Unlike several of its neighbors, Estonia does not offer financial incentives to its companies during what is a difficult period and in a situation where many countries do. This fact and different rules in Europe are hurting the competitive ability of Estonian businesses, Mait Palts, head of the Estonian Chamber of Commerce and Industry, told ERR.
Palts said that one does not need to look at Statistics Estonia's preliminary economic growth figures to realize last year was difficult for Estonian companies. The fourth quarter and a notable slump in tax revenue are worrying, he added.
He agreed with the Bank of Estonia in that Estonia's export capacity is threatened and highlighted different game rules in Europe where a lot of countries are paying their companies various benefits.
"Entrepreneurs are pointing to support measures offered in neighboring countries, which is a major problem for them. Estonia's neighbors in the west and north have made a fair bit of support available to their companies, and competing with them has become difficult so as not to say impossible," he noted.

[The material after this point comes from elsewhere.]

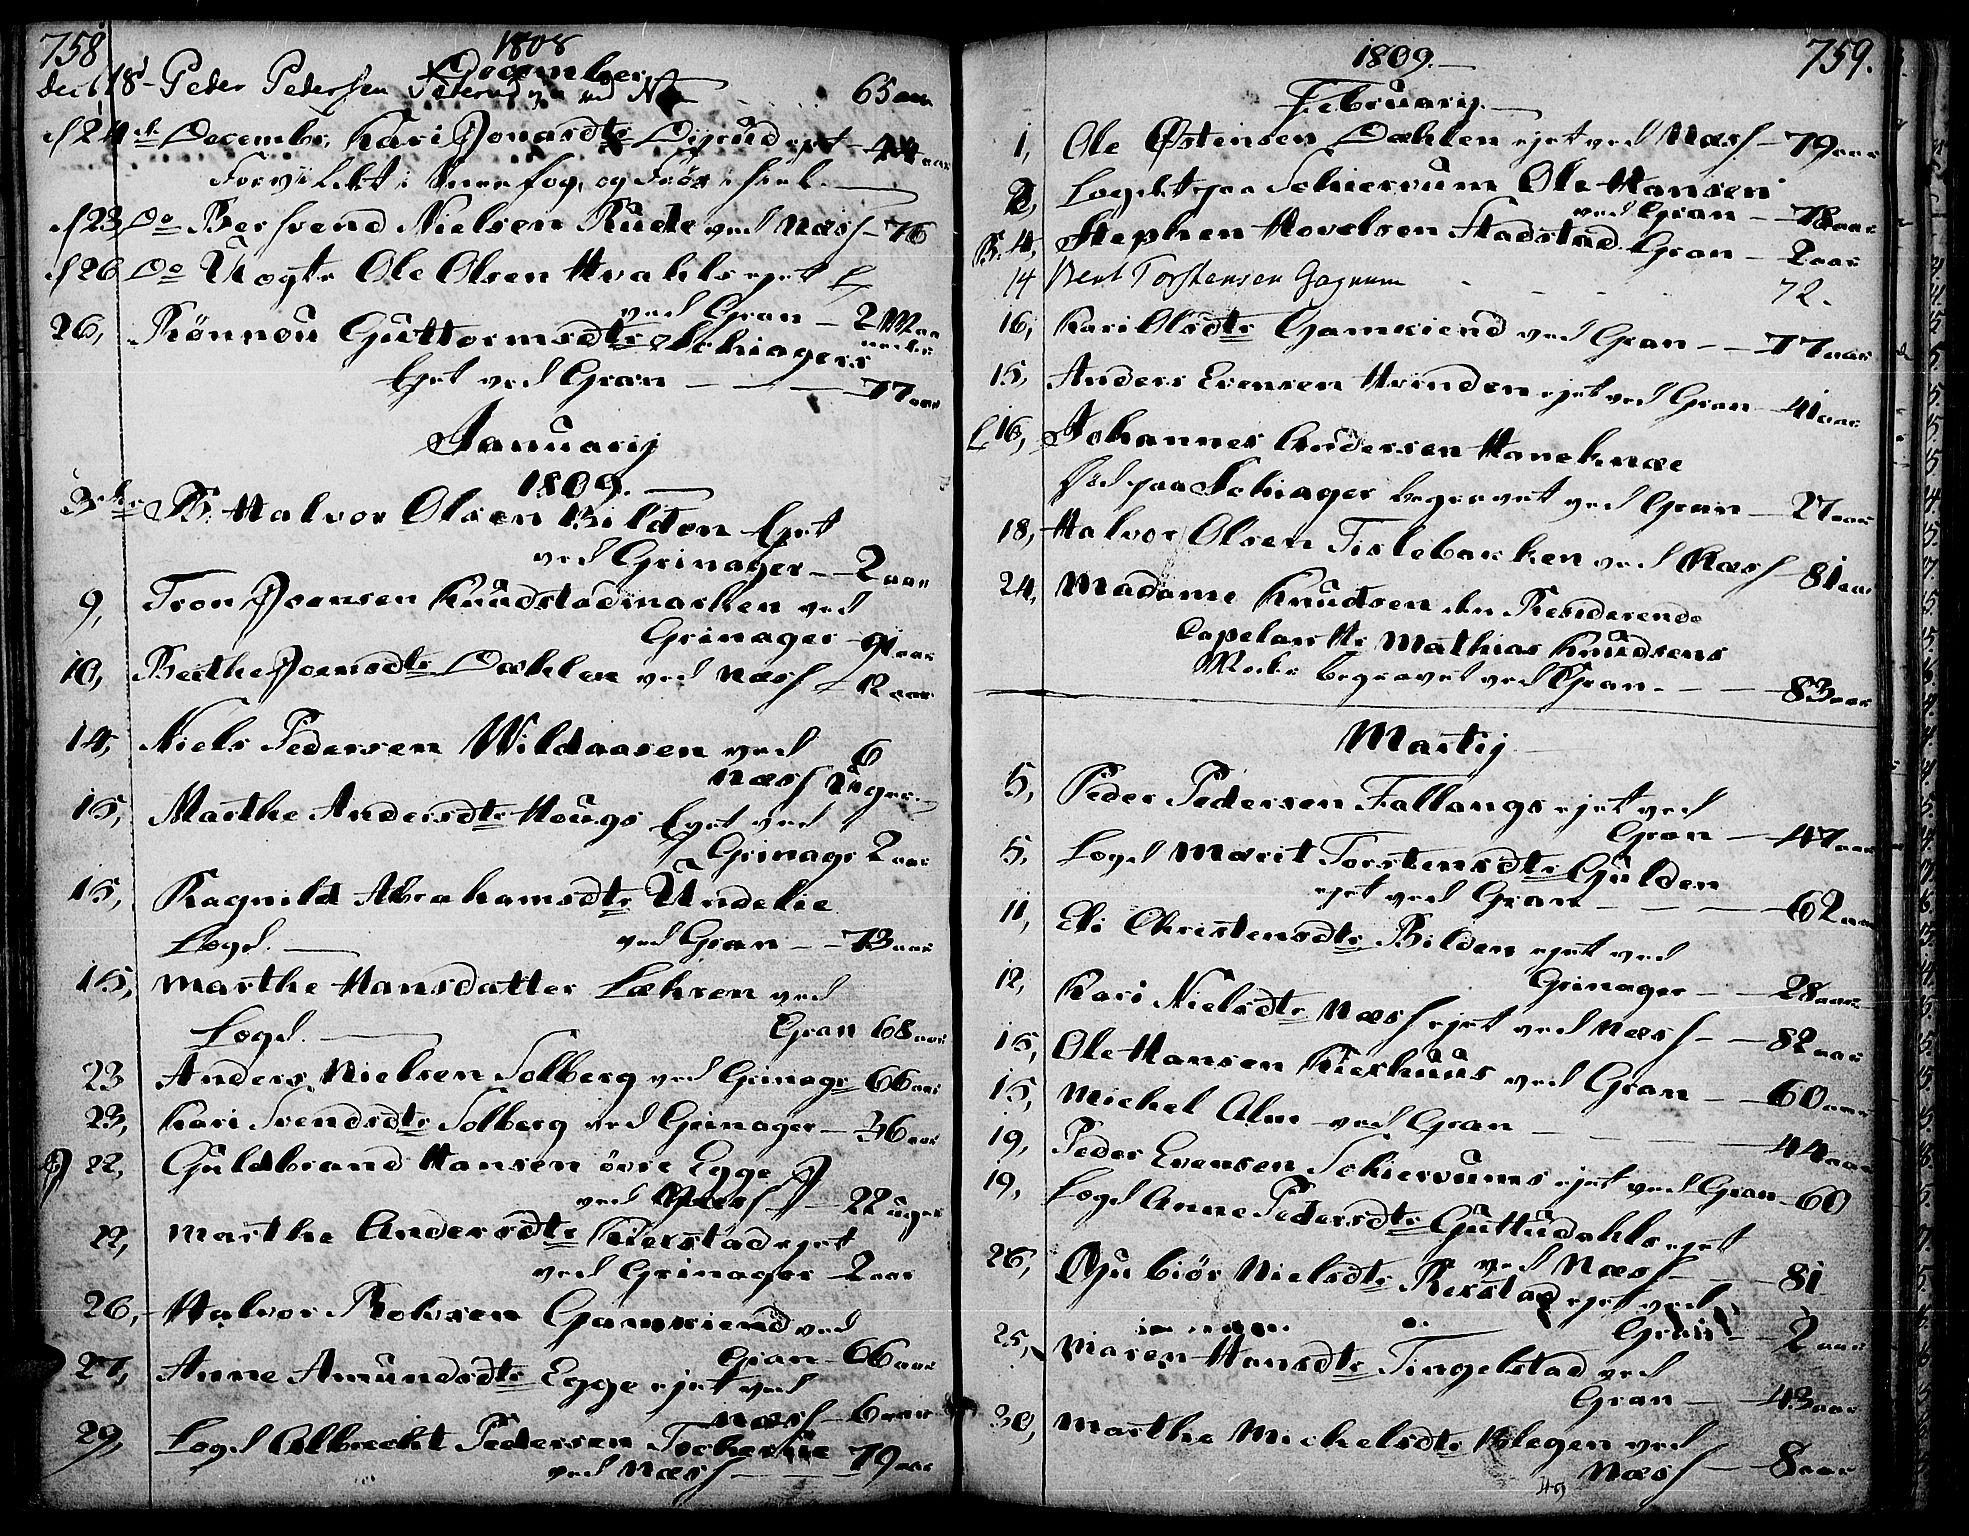 SAH, Gran prestekontor, Ministerialbok nr. 6, 1787-1824, s. 758-759

Palts said that energy prices coming down gives hope that other states might pull their benefits, which would see the competition situation normalized. Nevertheless, Estonian businesses need to make efforts to close the gap, he added.
"Competition is fierce, and our companies need to make efforts to work more effectively and bet on niche products, custom solutions and R&D as that is the key to success in the long run," Palts said.
The head of the chamber suggested that while entrepreneurs agree that universal support is virtually impossible in Estonia, something should have been done towards the end of last year when the situation was worst.
"Something could have been done. It is something entrepreneurs have been asking us in recent weeks. The reason was that our neighbors did support energy-intensive businesses. We did not, which sparked dissatisfaction over difference in treatment. It would be best if the rules were the same for everyone, with or without support. State aid rules have been relaxed in Europe, which has allowed countries to offer their businesses more support. Hopefully, the rules will be made tougher again to level the playing field," Palts remarked.
He suggested that it is forecast the second half-year will be easier and more profitable for companies.
"Input prices have come down somewhat. But whether that is enough remains to be seen. We are also looking at strong salary growth this year or at least corresponding pressure. Hard to say, while I tend to believe demand could bounce back in Europe. Falling energy prices should restore optimism, improve demand and investments," he said.